Medication related osteonecrosis of the jaw (MRONJ) is a rare adverse effect of anti-resorptive or anti-angiogenic drug therapy that can cause significant morbidity. Commonly prescribed drugs such as bisphosphonates have been associated with MRONJ.
Research shows that general medical practitioners and pharmacists have limited knowledge and awareness of MRONJ and practitioners often fail to provide advice related to it.
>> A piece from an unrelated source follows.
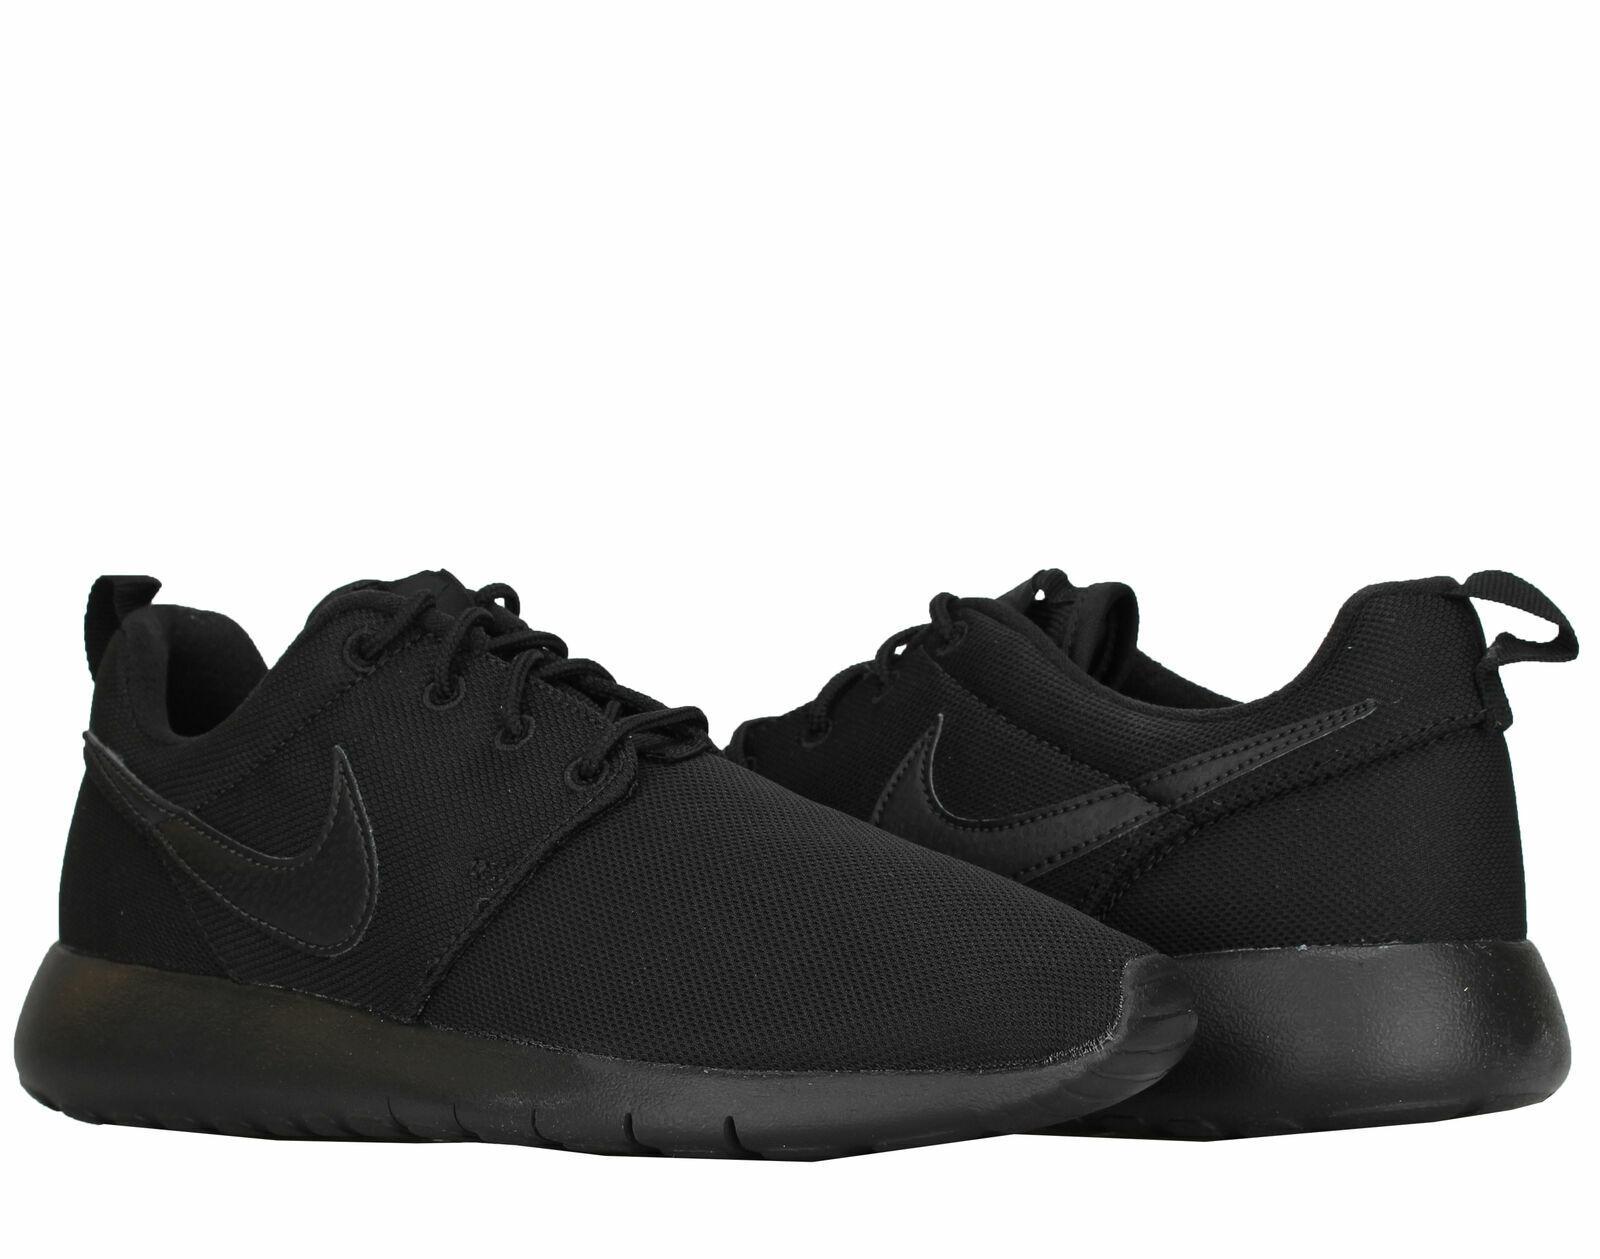 New Nike Huarache Run Print GS Kids Running Shoes 704943-002 Black White Youth

This is thought to consequently result in poor patient awareness of the condition.
In one study, when asked to identify side effects of bisphosphonate therapy, only a minority of patients receiving IV or oral bisphosphonates were aware of the potential risk of developing osteonecrosis of the jaw.
The aim of this study was to explore the attitudes and perceptions of patients towards the multidisciplinary approach to the prevention of MRONJ.
The research team undertook qualitative interviews with a total of 23 patients; six of whom were diagnosed with MRONJ, 13 who were prescribed bisphosphonates and four patients with osteoporosis not currently prescribed any medication.
Five salient and inter-related themes emerged from the analysed data:
- Quality of life, indicating the physical, psychological and social impact of MRONJ
- Limited knowledge, indicating limited awareness of the condition, risk factors and preventative strategies
- Patient specific themes, referring to the complexity of patients, polypharmacy, prioritising aspects of care and personal responsibility
- Inter-professional management, indicating a perceived organisational hierarchy, professional roles and responsibilities, articulation of risk and communication
- Wider context, indicating demands on NHS resources, and barriers to dental care.
The researchers concluded that MRONJ has a significant effect on the quality of life of patients diagnosed with the condition. Patients described both the physical and psychological impact and challenges related to its ongoing management.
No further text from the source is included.